The data below:

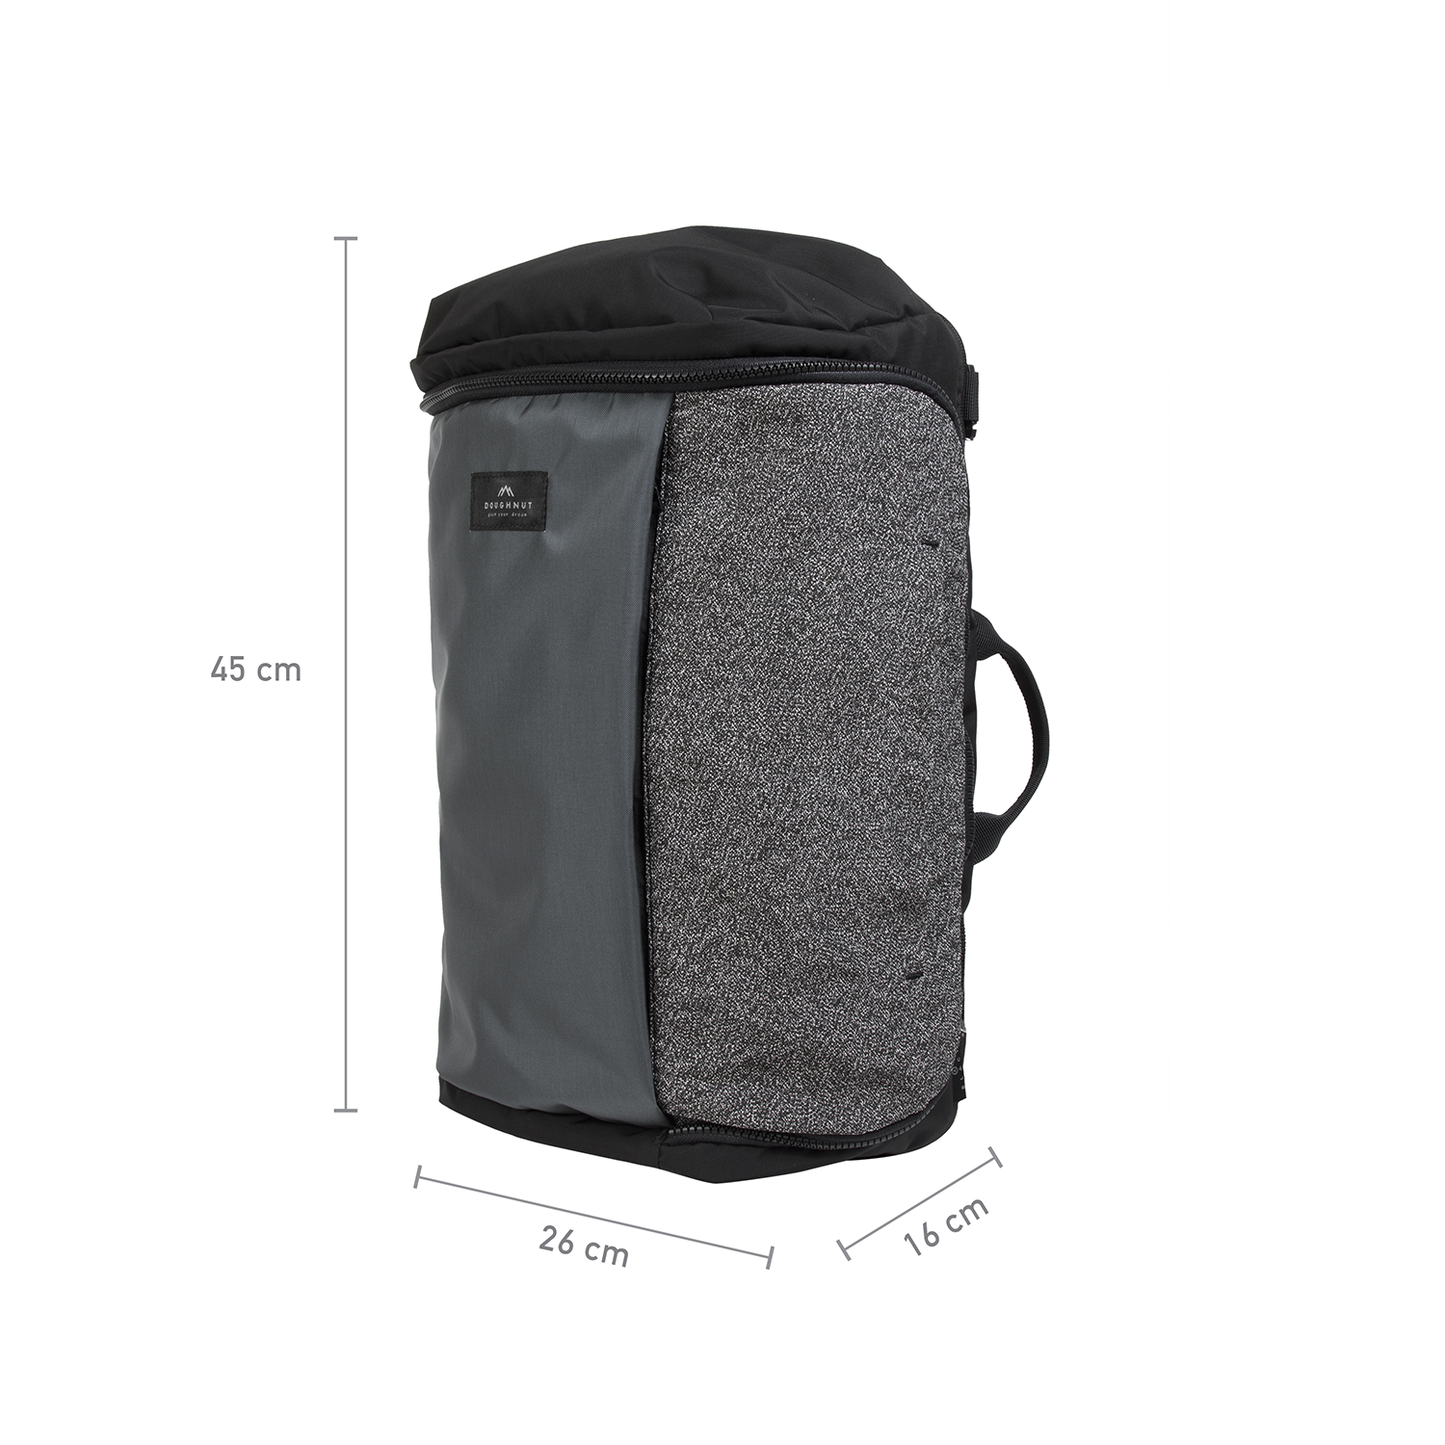 Sturdy Shield Series Black Backpack
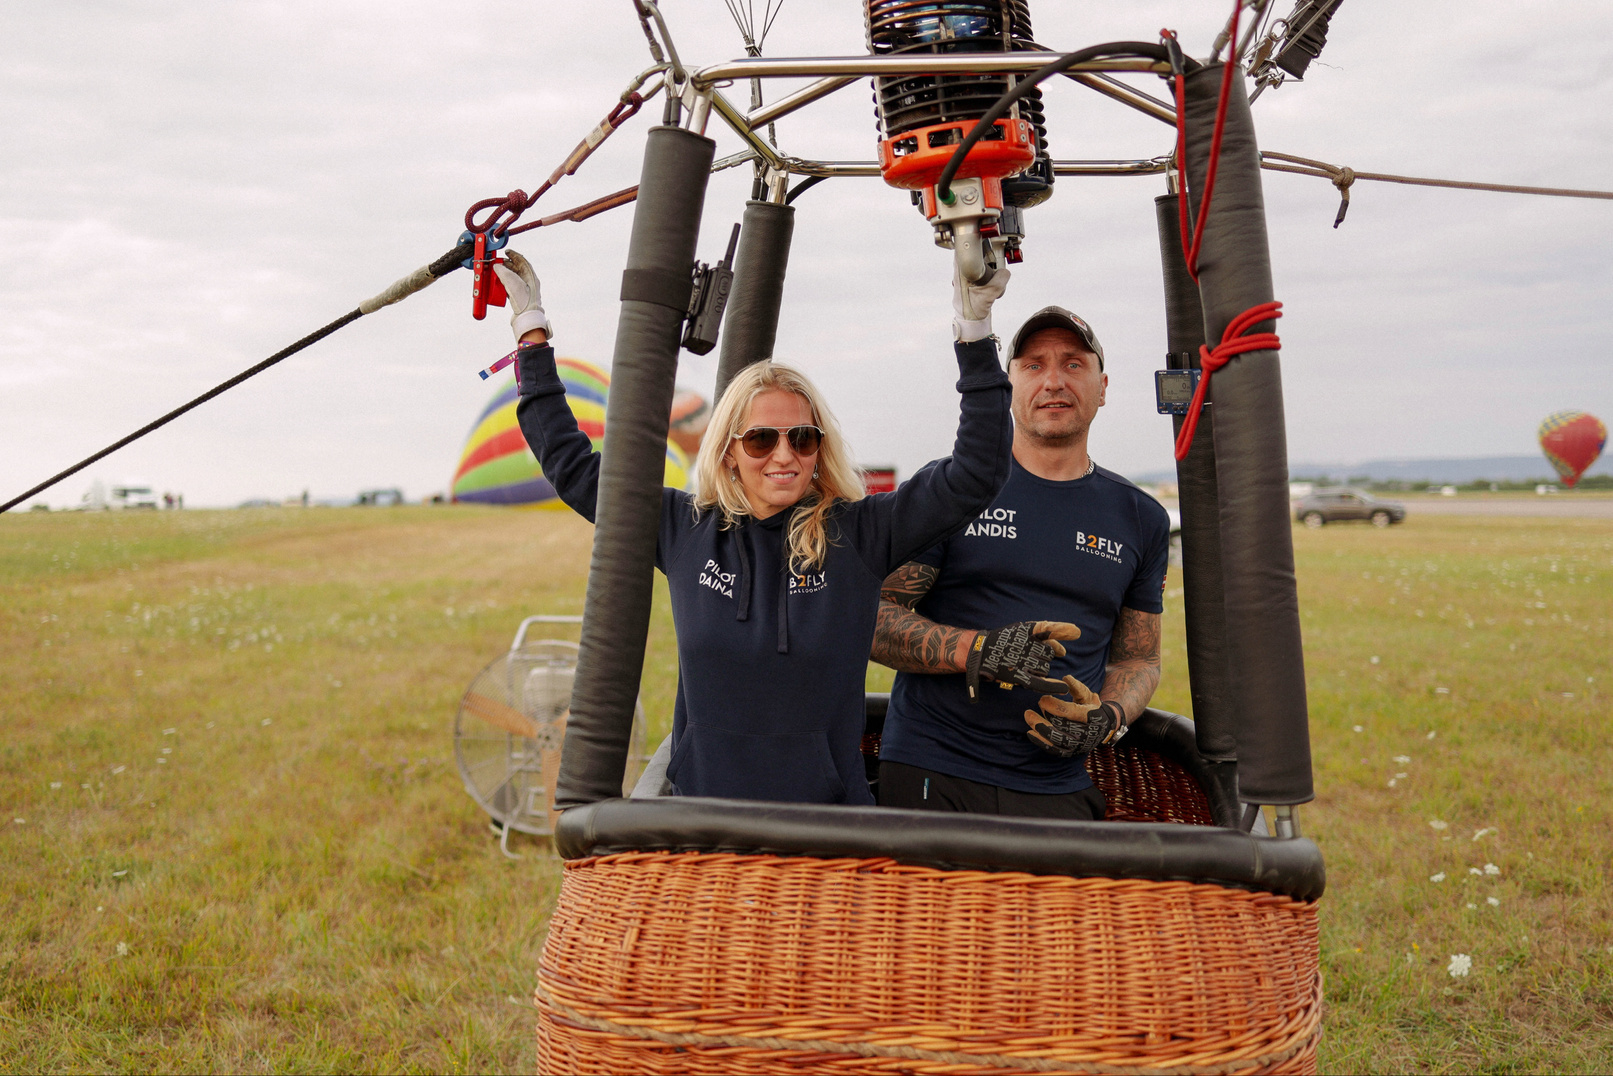 B2Fly Ballooning komanda. Pilotu piedzīvojumi gaisa balonā. Lidot gaisa balonā ir aizraujošākai piedzīvojums. Vērot pasauli no putna lidojuma, paceļoties virs koku galotnēm, lēni slīdot pāri laukiem un mežiem atbrīvo prātu un piepilda sirdi.
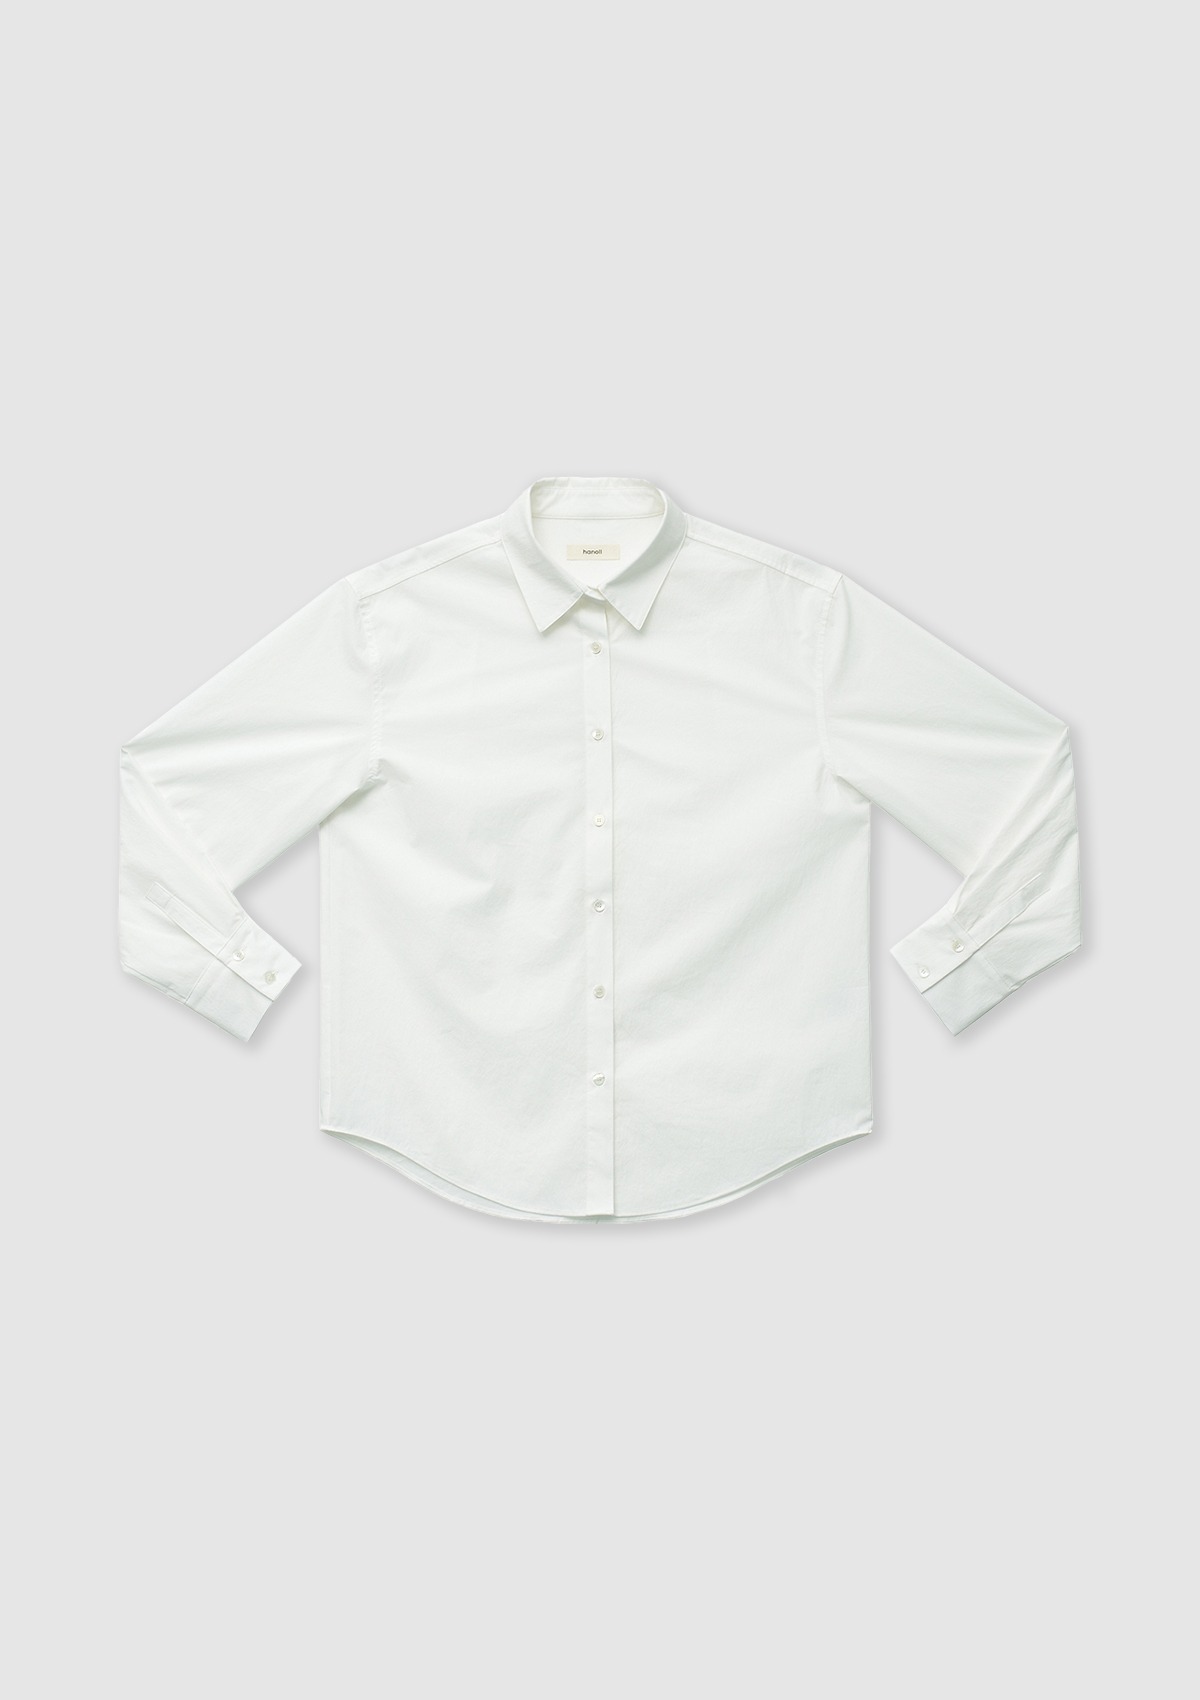 Signature Shirt (White)
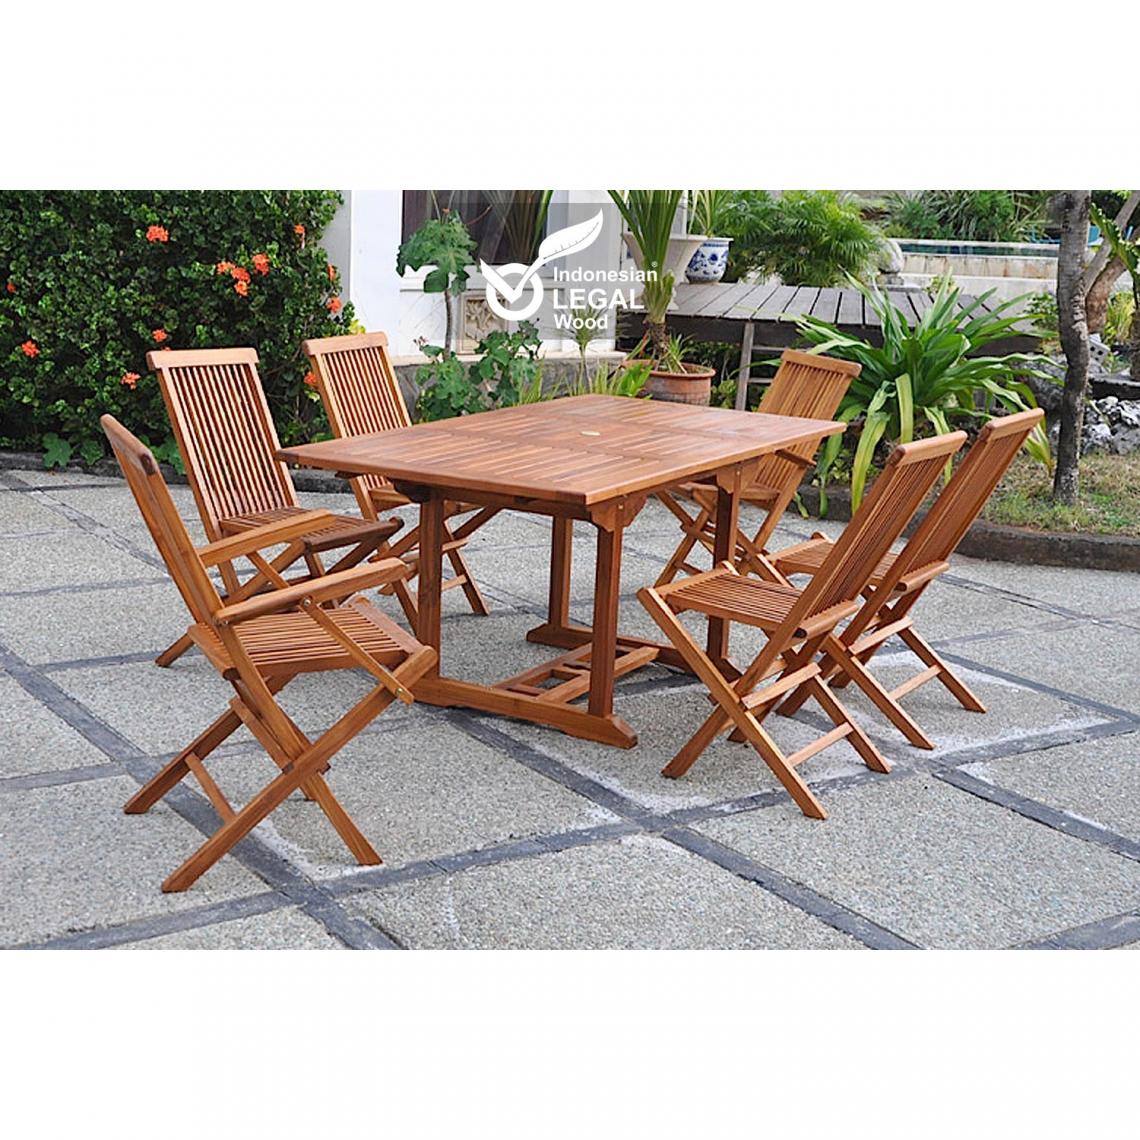 Concept Usine - Lubok : Salon de jardin Teck huilé 6 personnes - Table rectangulaire + 4 chaises + 2 fauteuils - Ensembles tables et chaises
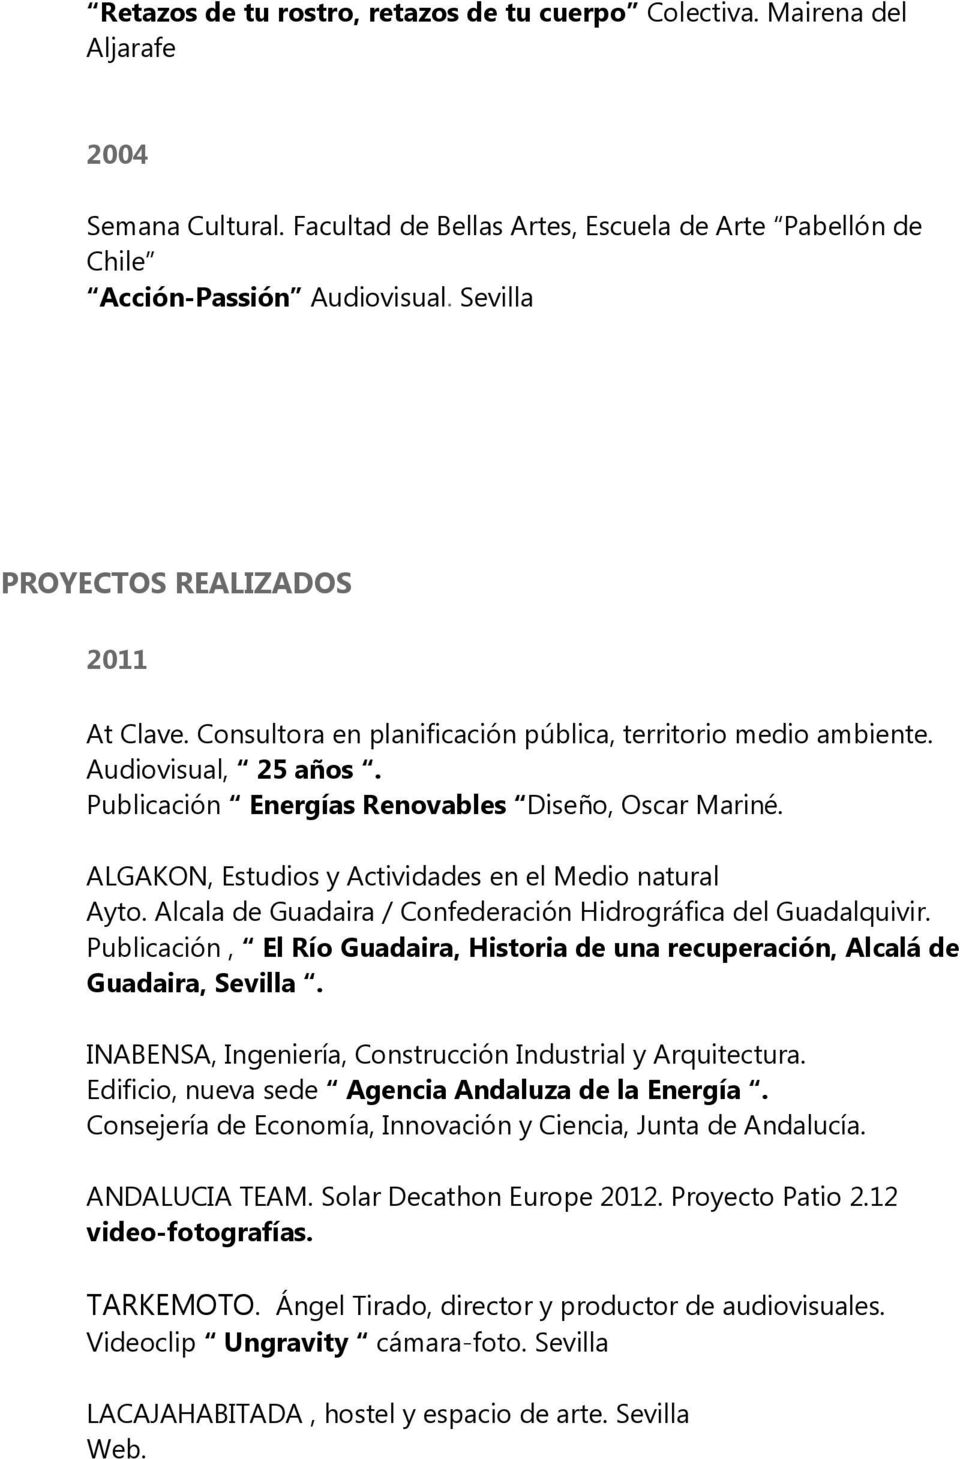 ALGAKON, Estudios y Actividades en el Medio natural Ayto. Alcala de Guadaira / Confederación Hidrográfica del Guadalquivir.

End of The data.

▶ _Prompt_:
Write out each record exactly as shown, but not its pictures.

▶ _Response to this task_:
 Sturdy Shield Series Black Backpack
 B2Fly Ballooning komanda. Pilotu piedzīvojumi gaisa balonā. Lidot gaisa balonā ir aizraujošākai piedzīvojums. Vērot pasauli no putna lidojuma, paceļoties virs koku galotnēm, lēni slīdot pāri laukiem un mežiem atbrīvo prātu un piepilda sirdi.
 Signature Shirt (White)
 Concept Usine - Lubok : Salon de jardin Teck huilé 6 personnes - Table rectangulaire + 4 chaises + 2 fauteuils - Ensembles tables et chaises
 ALGAKON, Estudios y Actividades en el Medio natural Ayto. Alcala de Guadaira / Confederación Hidrográfica del Guadalquivir.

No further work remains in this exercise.